Bellacosa soon finds himself in over his head, dodging a local cartel while dealing with the reappearance of his long-estranged brother. He’s unsure whether to trust anyone, including his mysterious journalist friend and his longtime client, a landowner who’s suddenly gone incommunicado. And his quest to find answers leads him to places darker than he’d ever imagined.

Fernando A. Flores  Eric Morales/FSG

It’s not uncommon for authors of dystopian novels to take things a little too far, testing their readers’ willingness to suspend disbelief. But Flores never overplays his hand. Throughout the book, he grounds his vision of the future in enough realism that even the strangest parts of the story come across as plausible. A few years ago, a vision of the border that included walls on either side of the river, extinct animals and openly corrupt cops might have strained the imagination. Unfortunately, it doesn’t anymore.

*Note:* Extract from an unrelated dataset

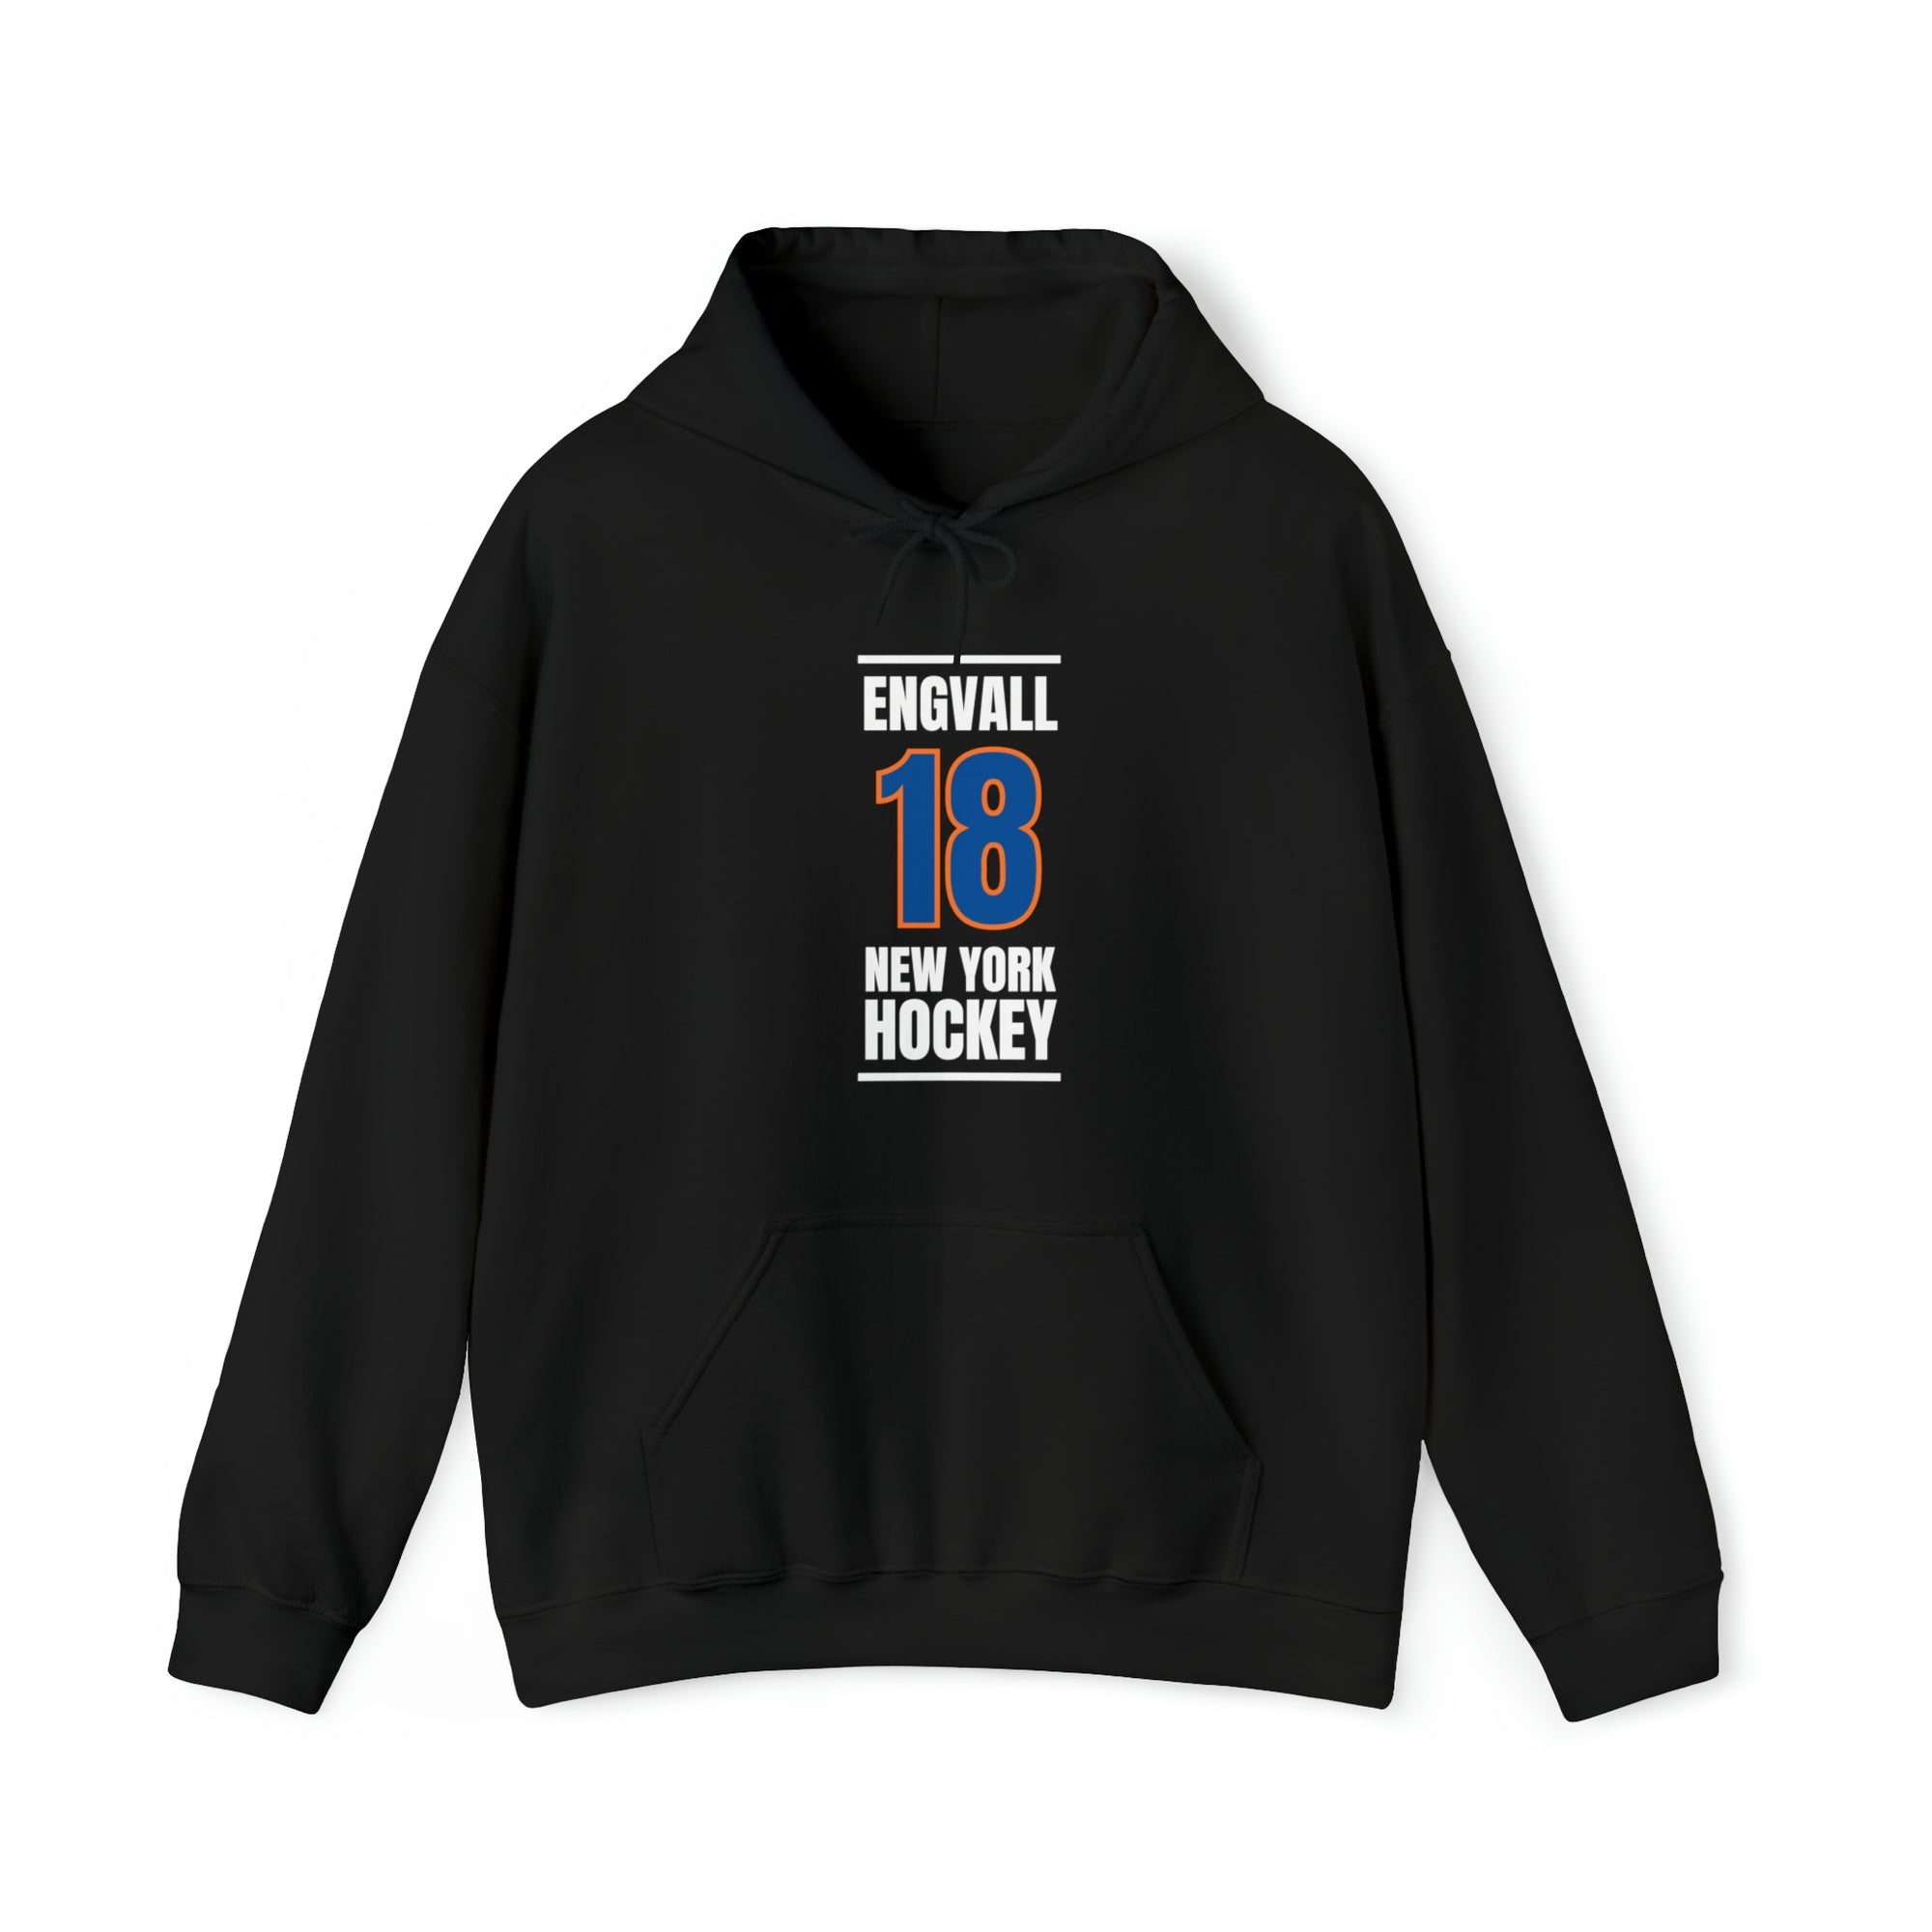 Engvall 18 New York Hockey Blue Vertical Design Unisex Hooded Sweatshirt

That’s due in large part to Flores’ observations about the insatiable greed of the ruling class and the cruelty inherent in a system that prizes wealth above all else. Flores looks at human nature with something of a jaundiced eye: “Here, we watch men just naturally become beasts,” Bellacosa’s journalist friend muses at one point. “It’s no miracle of science, either. Maybe a miracle of nature.”

The novel is in many ways a critique of the excesses of capitalism, but it also paints a vivid, if cynical, portrait of life on the U.S.-Mexico border. Trump might have exploited and exacerbated racism and nativism, but he didn’t invent them, and Flores seems to ask readers to consider just how deep-seated American bigotry is: “The border walls, the filtering syndicates, headless bodies of scientists, shrunken Indian heads — he felt these things were always around even before they’d materialized. It was all the continuous overflow of the tension that had been boiling for over a century along the border.”

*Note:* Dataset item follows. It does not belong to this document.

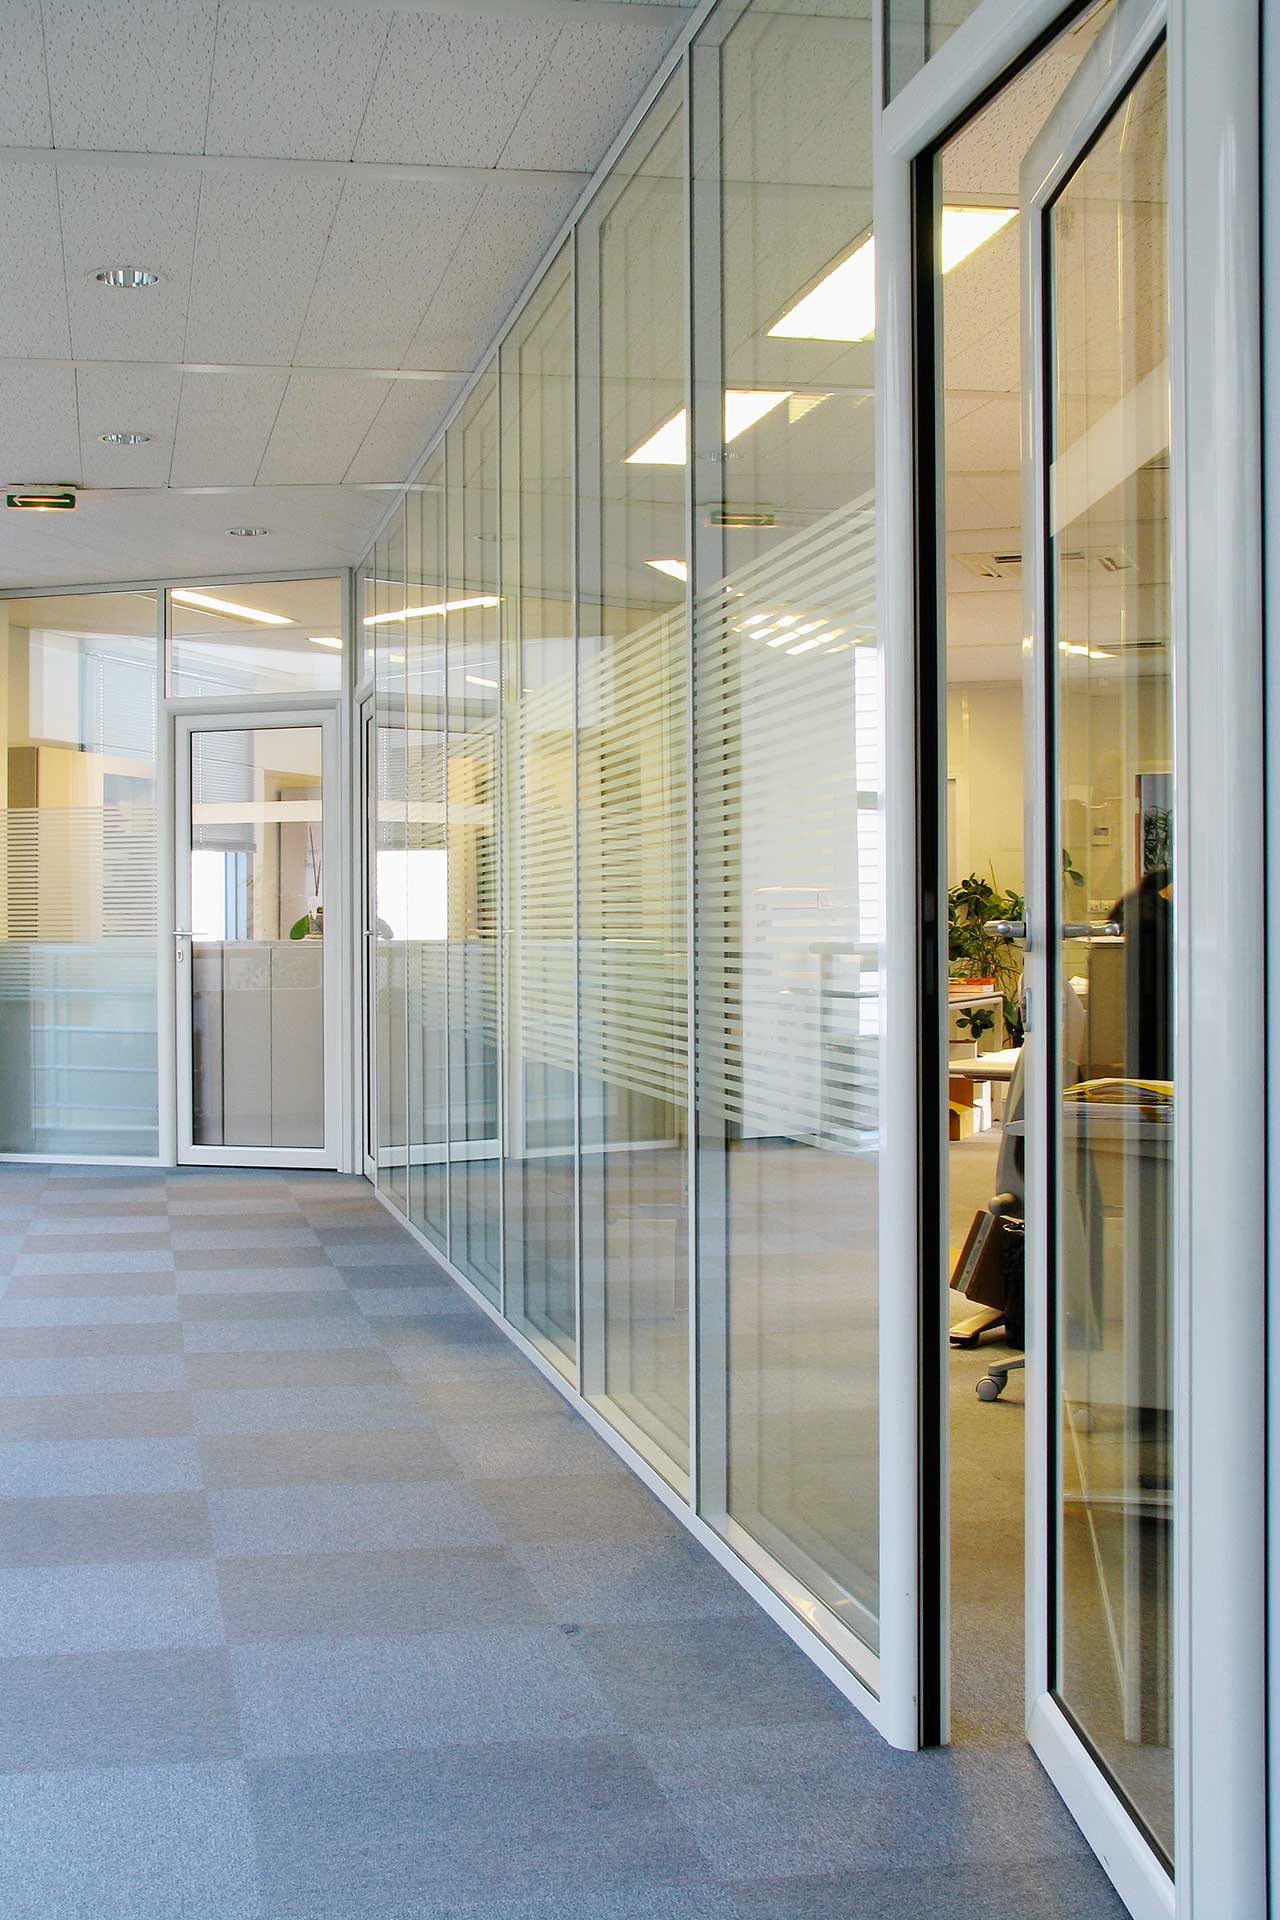 Cloisons amovibles blocs portes cadre aluminium ouvrant simple vantail

A few years ago, a vision of the border that included walls on either side of the river, extinct animals and openly corrupt cops might have strained the imagination. Unfortunately, it doesn’t anymore.

And while Flores addresses social, racial and economic justice, Tears of the Trufflepig never descends into polemics. The characters have the complexity of real people, each dealing with their own demons. This is especially true of Bellacosa, whose mourning is realistic and heartbreaking: “My wife took it the hardest,” he recalls of his daughter’s death. “And died of grief. I thought that phrase was an exaggeration before, but I’ve seen it happen in my life.”

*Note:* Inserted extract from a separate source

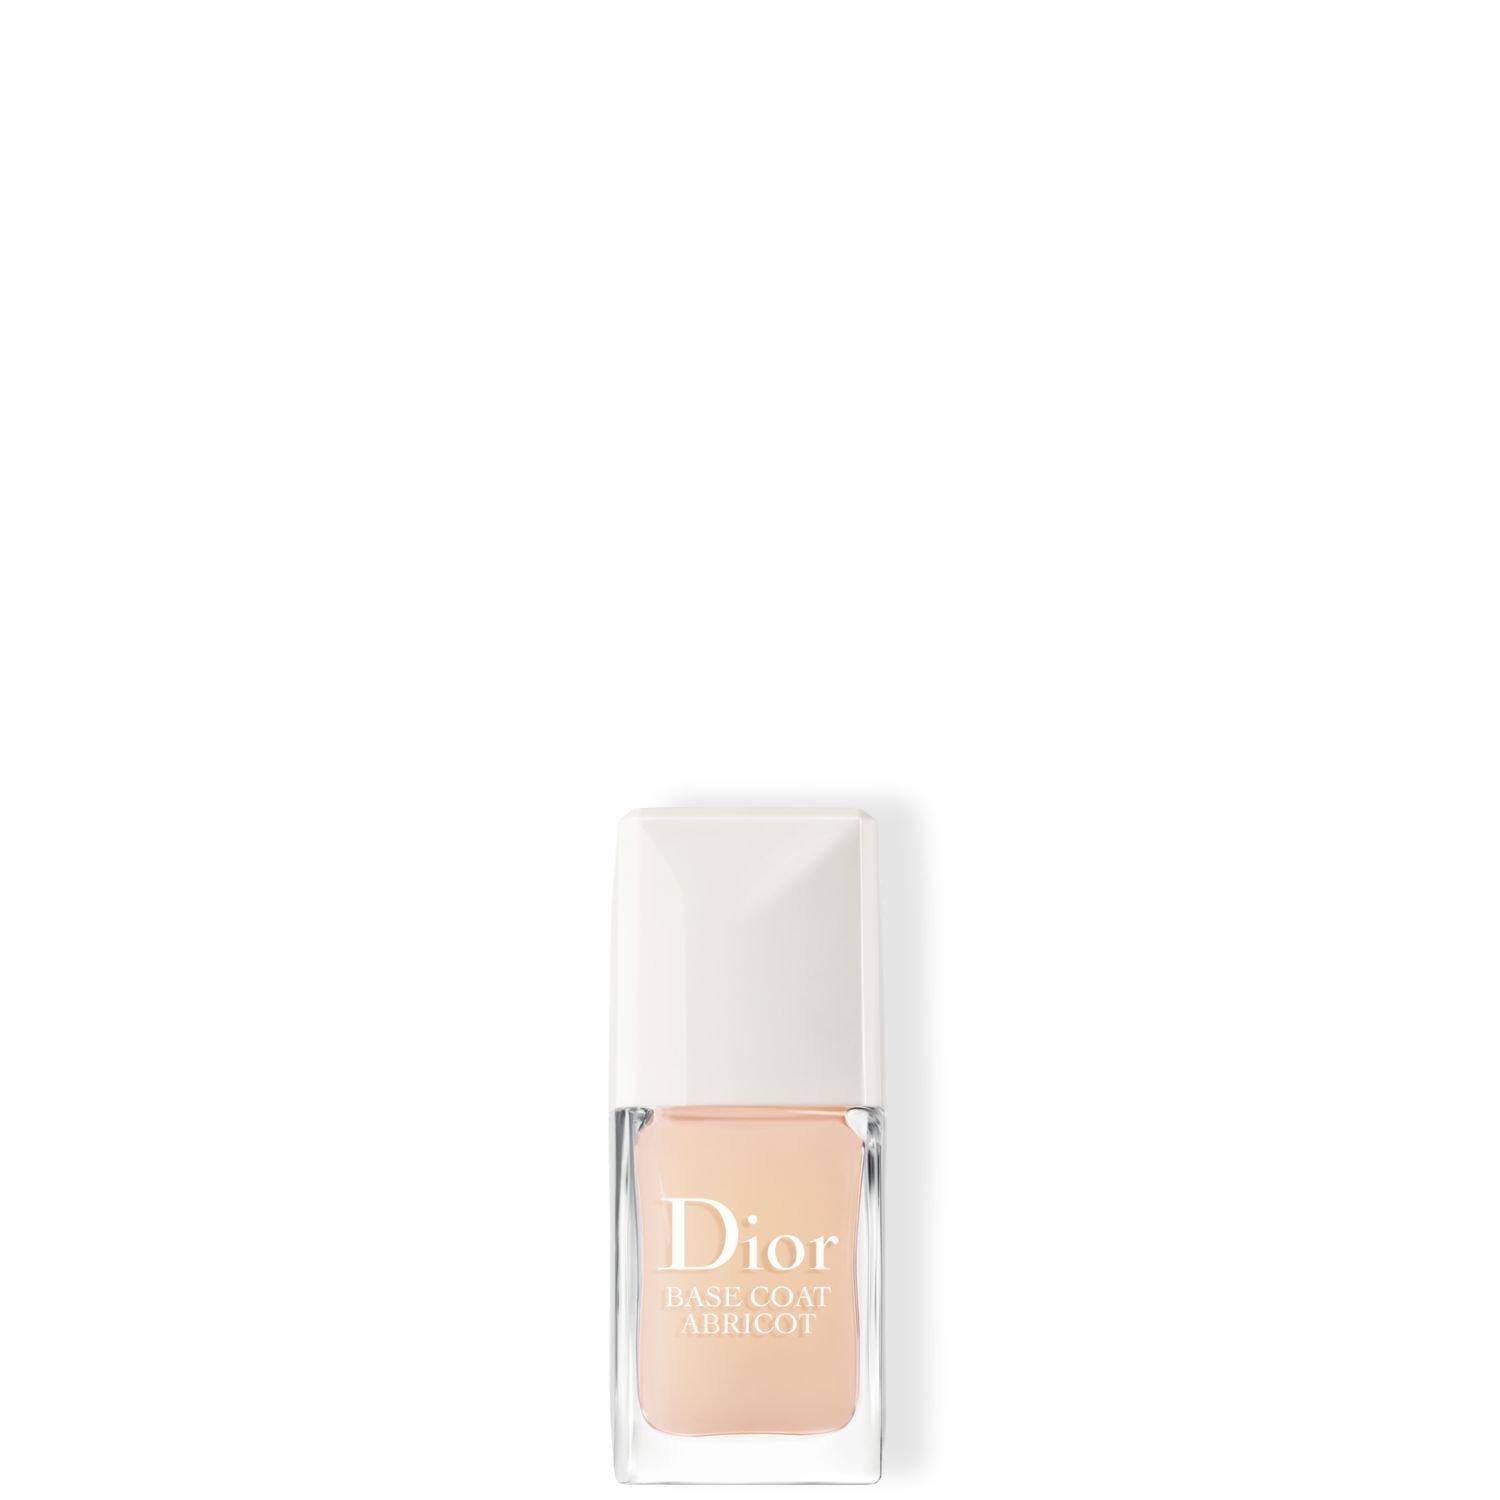 Image of Dior Base Coat Abricot - 10ml

Debut novels can be shaky affairs, but Flores writes like a seasoned veteran — his structure and pacing are perfect. And he proves to be an expert at tone. The novel has a hard-boiled noir vibe, but Flores never indulges in the genre’s clichés. Tears of the Trufflepig is a beautifully crafted novel that asks serious questions but doesn’t lose its heart. It also shines a light on horrors that might be closer than we’d like to think: “It wasn’t some monster or cheap science-fiction alien conquest, but people creating all the horror, enslaving one another at all costs in a world where more and more syndicates and absolute power reigned supreme.”